→ Problem to work on
Copy exactly the lines of the records below, and only those lines, beginning with the line that contains "Laptops - Mockups V06" and ending with the line that contains "Pantalons càrrec llarg".

→ Supplied records
- Opening Delimiter -

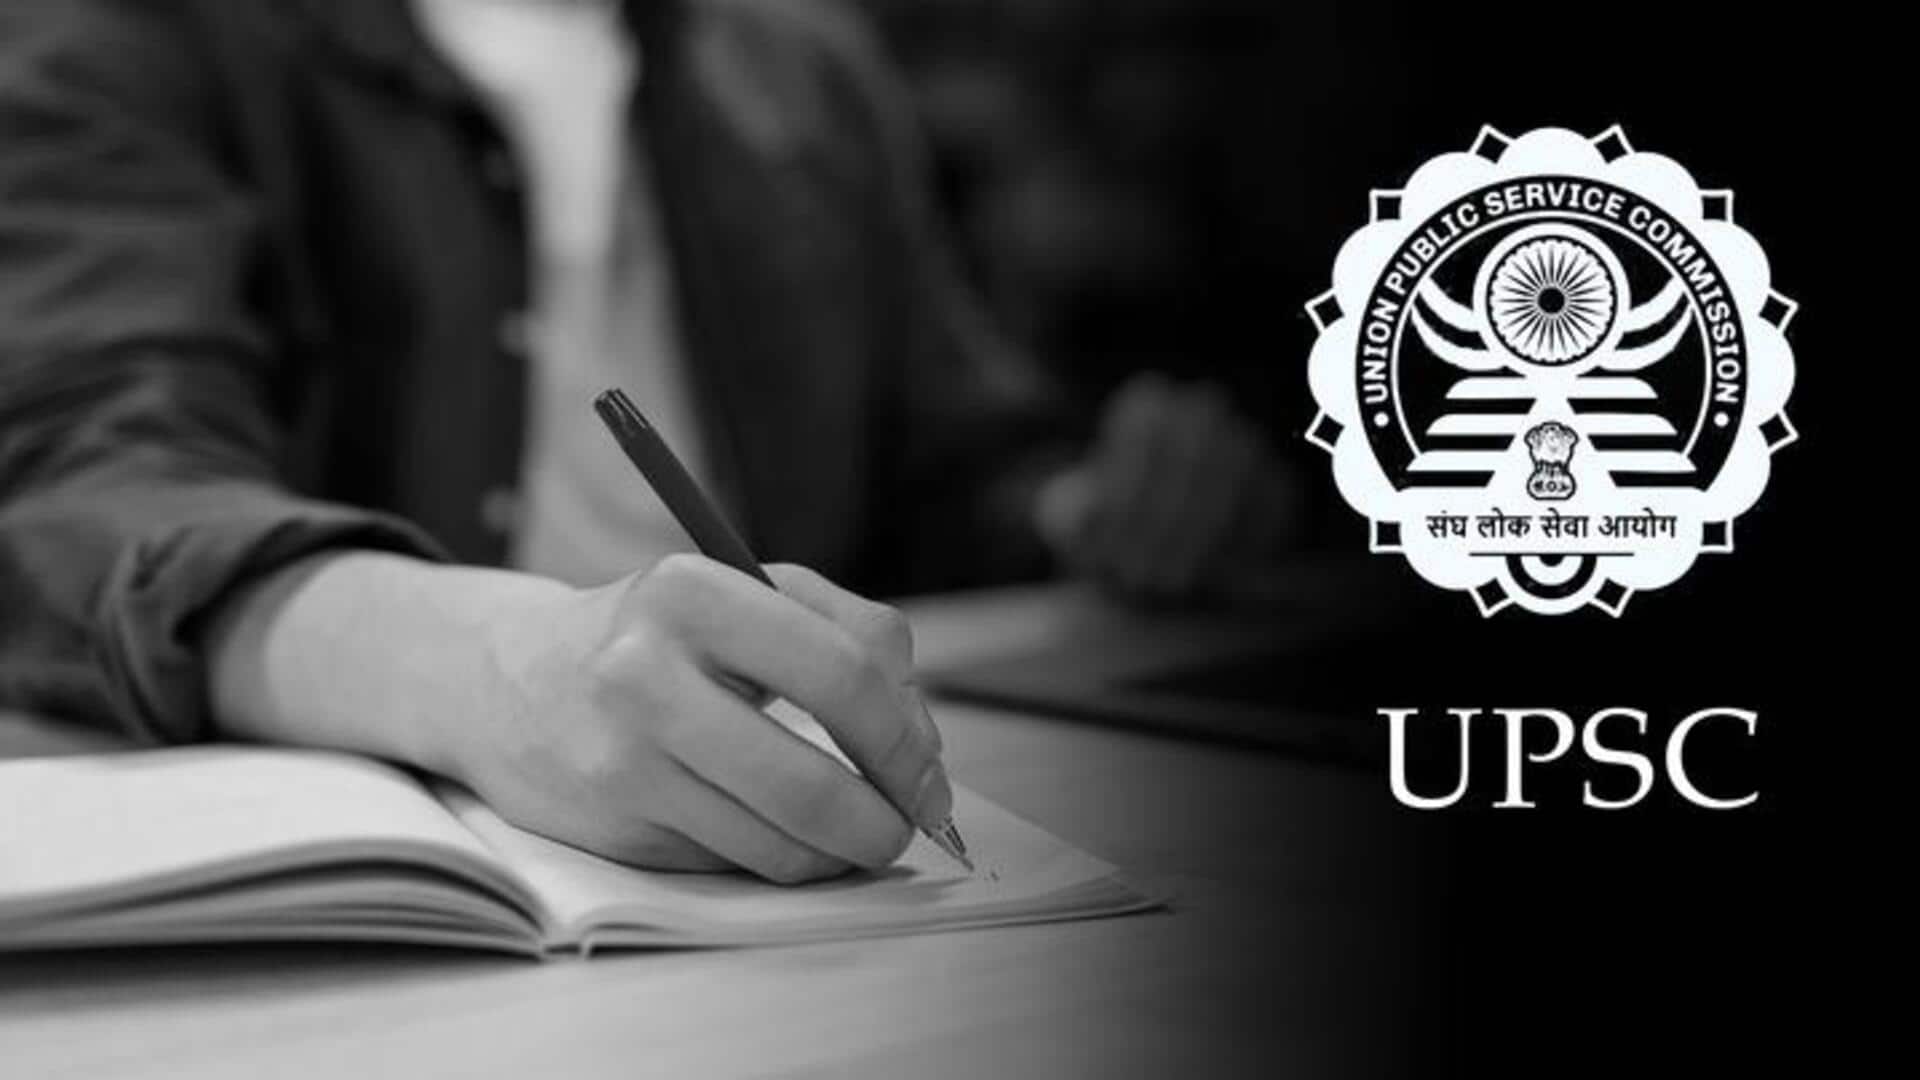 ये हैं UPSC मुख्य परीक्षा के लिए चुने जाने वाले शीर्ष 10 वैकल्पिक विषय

- Closing Delimiter -
- Opening Delimiter -

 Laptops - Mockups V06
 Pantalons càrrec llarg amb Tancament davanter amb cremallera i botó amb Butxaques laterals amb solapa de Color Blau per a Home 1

- Closing Delimiter -
- Opening Delimiter -

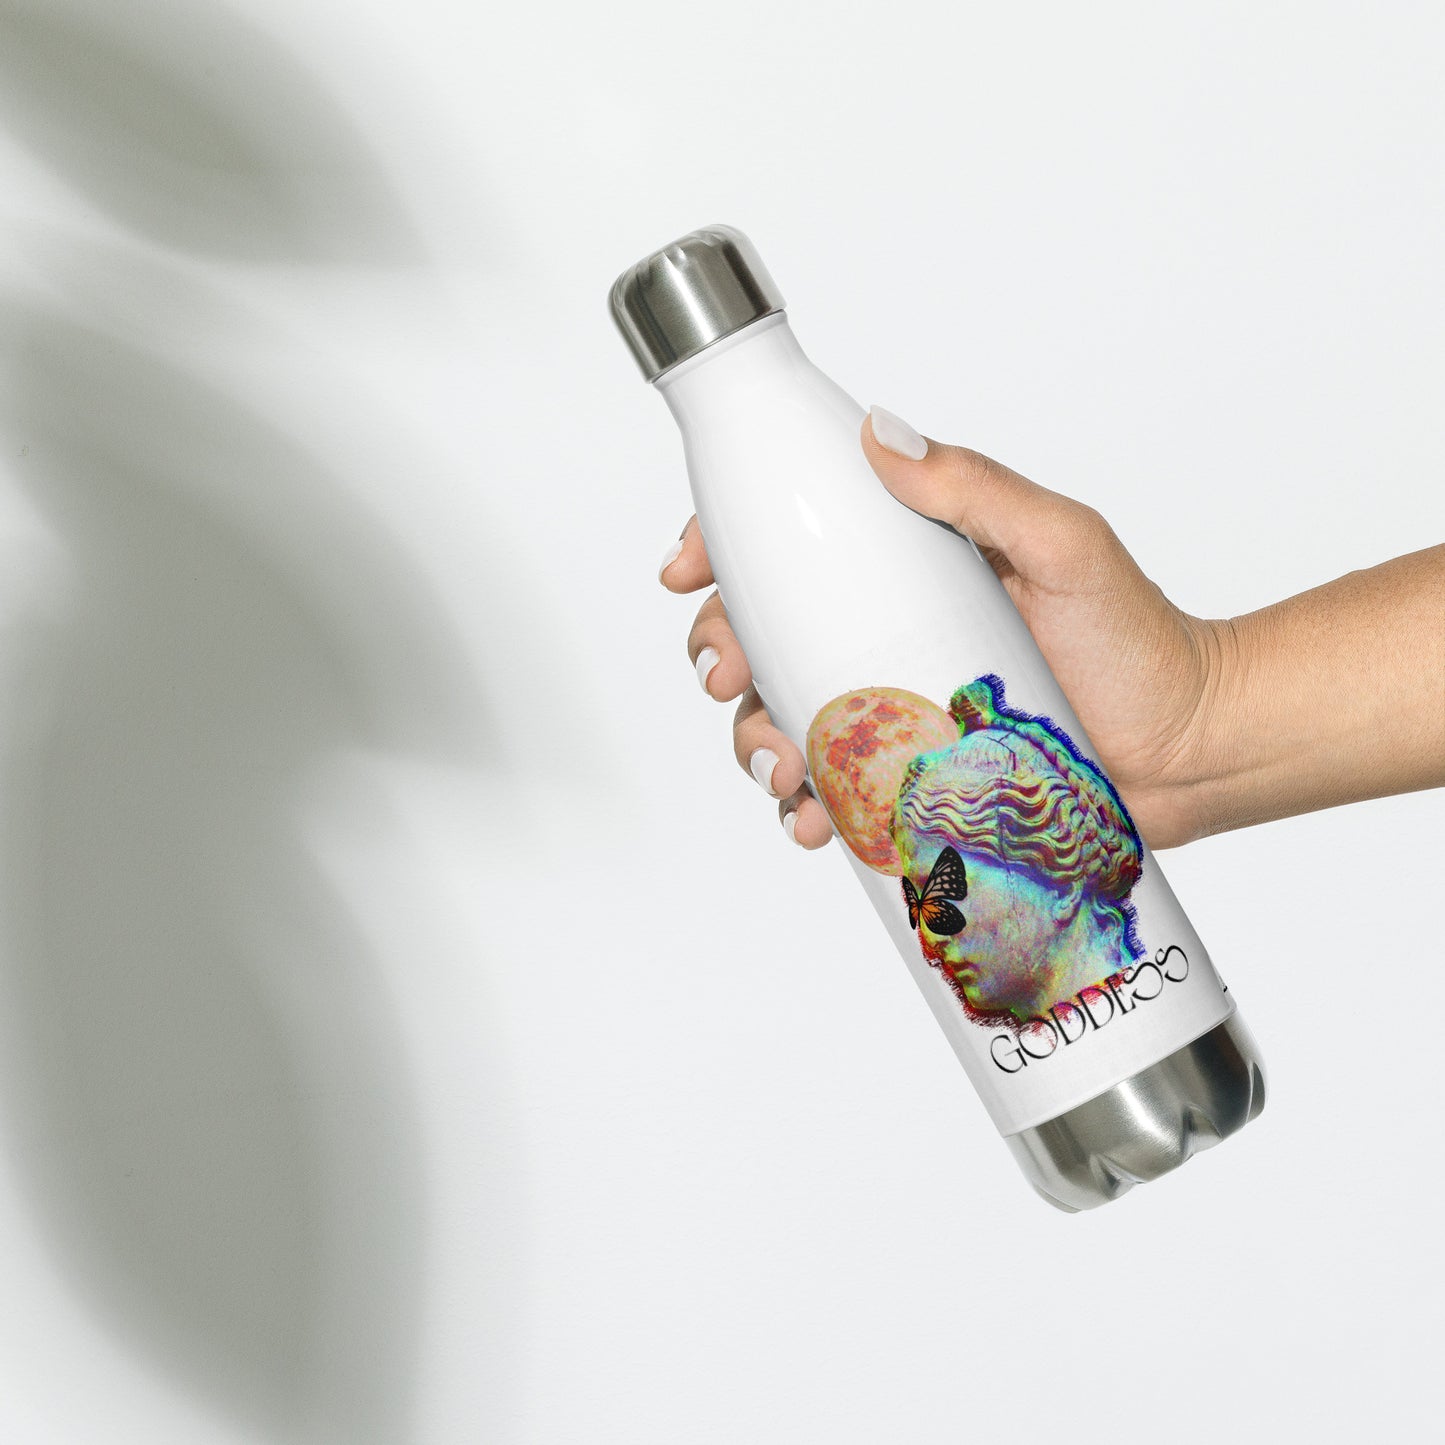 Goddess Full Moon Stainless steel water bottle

- Closing Delimiter -

→ Result of the task
 Laptops - Mockups V06
 Pantalons càrrec llarg amb Tancament davanter amb cremallera i botó amb Butxaques laterals amb solapa de Color Blau per a Home 1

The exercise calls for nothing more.